# σπασμένος / ήττα ?



## rooster92

Hello. I'm looking for an appropriate translation for "broken" or "defeated", in the context of mentally defeated or broken, if that makes sense.

Being a non Greek speaker and considering this is for a tattoo, I want to make sure I get the appropriate word. Exploring dictionaries, I get the following. 


broken: σπασμένος
defeat(ed): ήττα
lost (loser?): χαμένος / ηττημένος


----------



## karabalino

Hello. You should perhaps let us know the exact sentence you would like to translate so that we can be more helpful ourselves. It all depends on the context


----------



## rooster92

No sentence, just looking for the correct word meaning "broken", in the context of a non fully-functioning brain or one that has been defeated. This is a one word tattoo which will feature an image of an MRI scan above it.

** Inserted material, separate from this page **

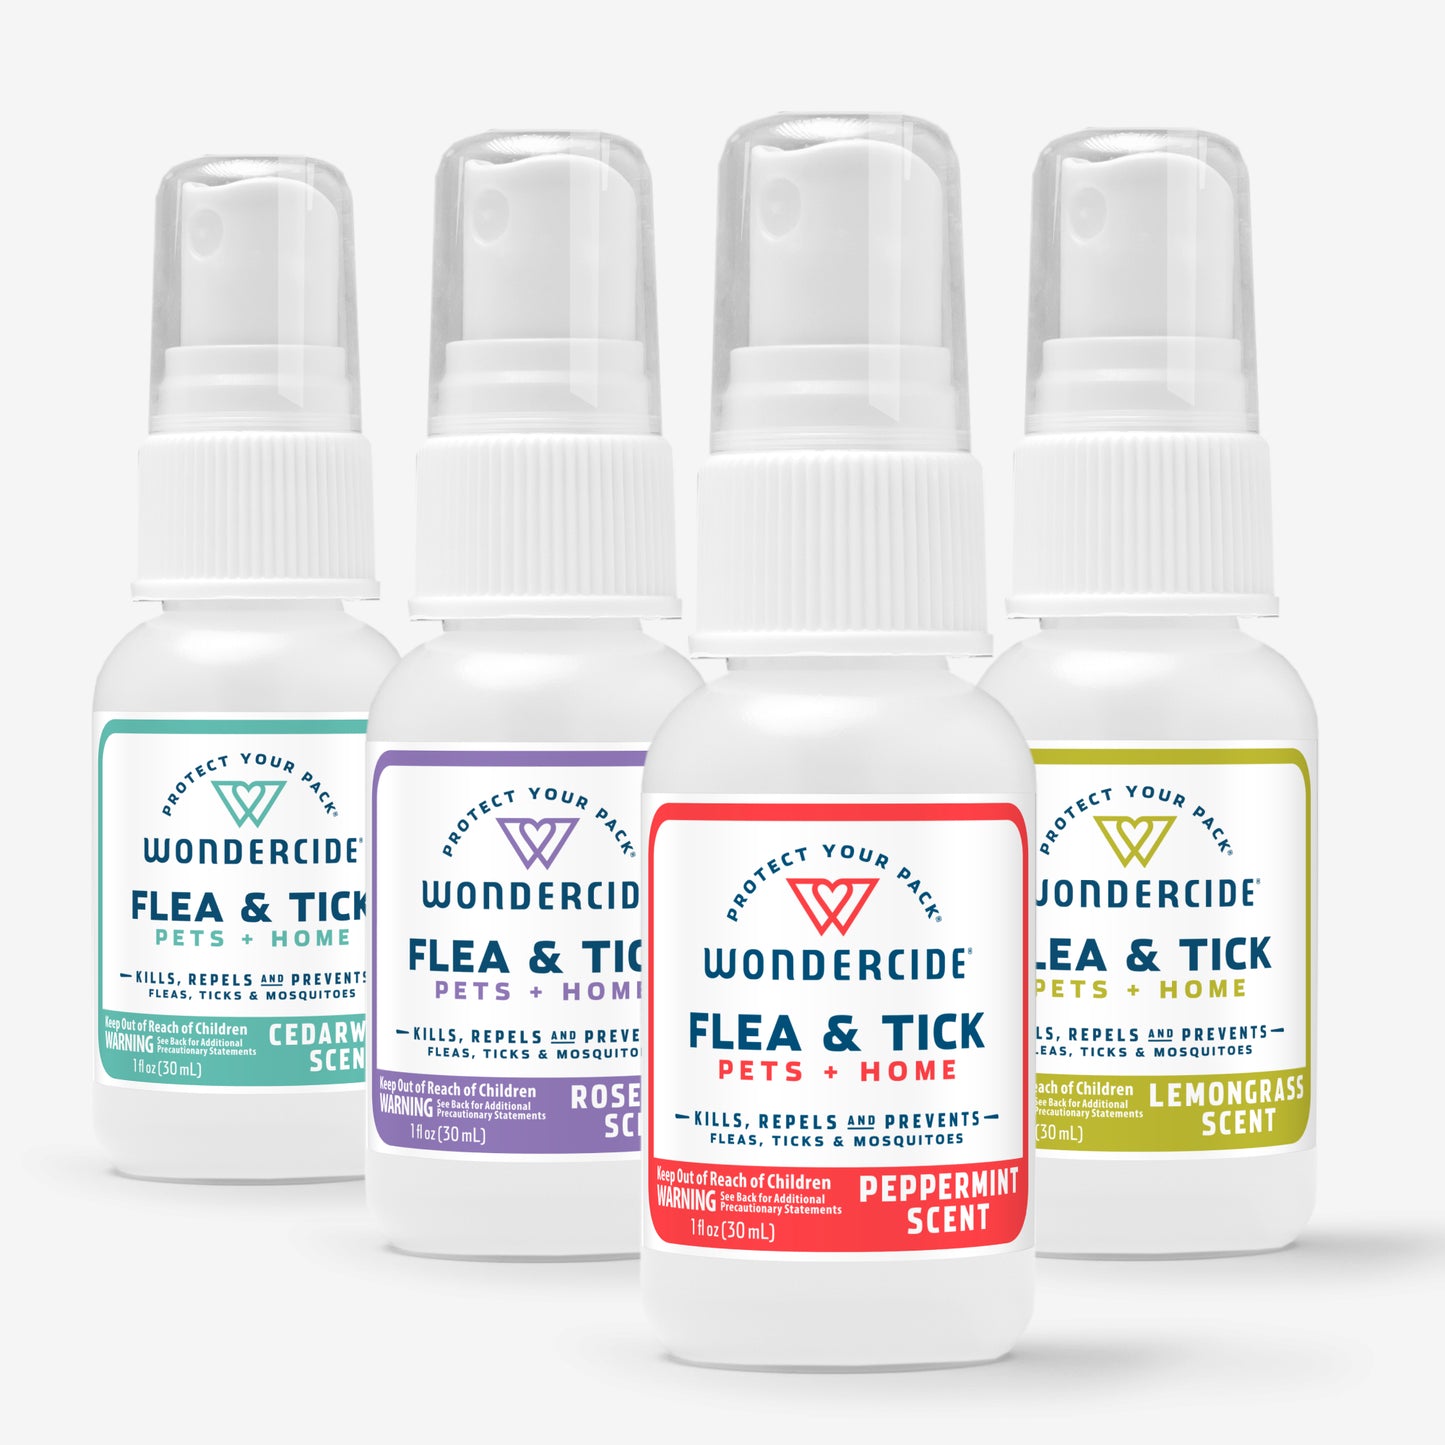 Flea & Tick Spray Scent Sampler with Natural Essential Oils

I could explain more via an IM as the purpose/meaning/significance is personal. Thank you!


----------



## karabalino

Hm.. well, if it is someone who is worn out by whatever cause, and driven to mental illness, a good word would be Τσακισμένος, meaning broken. It is pronounced Tsakisménos, and I guess you don't like the way it sounds nor the way it looks like. Me neither. Another one, meaning 'torn to peaces' would be Κομματιασμένος, Komatiasménos, although it would be used in a more -let us say- poetical manner. A word which would describe exactly someone made to lose his courage and give up, is Πτοημένος, Ptoiménos, but it is too light -the first one, on the contrary, τσακισμένος, is very strong, and that is what someone would say-. There is also Καταρρακωμένος, Katarakoménos, which is also strong, and means pretty much, to have become a mere shadow of the person you once were, referring to your soul, to your moral, and the way it sounds in greek, -although it does not really mean this-, the other person understands that there is also a foul influnce on your body. Well, as for your mind, the word itself does not include this meaning. The strongest of all, which actually _does_ mean broken (both literally and metaphorically), which was what you asked about in the first place, is the first one.


----------



## Perseas

τρελαμένος: I think you want it with the meaning of "crazed".
 σαλταρισμένος : a synonym of "τρελαμένος" , a little more slang and more strong
 βαρεμένος: here has it "twisted". It can be offensive and I think it matches this discription: "a non fully-functioning brain".


----------



## rooster92

Thank you karabalino and perseas. I originally was looking for a literal meaning but am intrigued by your suggestions, even the suggestion of βαρεμένος. I don't mind it having an offensive meaning as the brain I'm referring to is my own and I can be self-deprecating! I would never want to be insensitive to others though.


----------



## shawnee

I'm leaning more towards 'ηττημένος' it is strong and direct. And the fact that you are alluding to yourself undercuts some of the negativity in a way. It gives it more of a double entendre; more thought provoking.


----------



## Αγγελος

Σπασμένο only means 'broken' in the mos literal sense ('broken glass', 'a broken rib'). The word for  something out of order and in need of repair is χαλασμένο. Neither word is used of people who have lost their will to fight.
There is the word βλάβη, which means a malfunction, a mechanical breakdown, but can also be used of a mental problem.
One might also suggest καπούτ (= German _kaputt)_ -- not very Greek and somwhat old-fashioned, but still understood in Greece.
Amusingly enough, what a hip Greek would probably use (with tongue in cheek) in your situation would be the _English_ acronym 'BLR'!


----------



## cougr

'BLR'??  NHOI.


----------



## ireney

Beyond Local Repair


----------



## cougr

OK, thanks ireney! It did cross my mind that it may have referred to what you suggested, but as an adjective used for people I'm more familiar with BR (Beyond Repair) or BBR (Broken Beyond Repair).


----------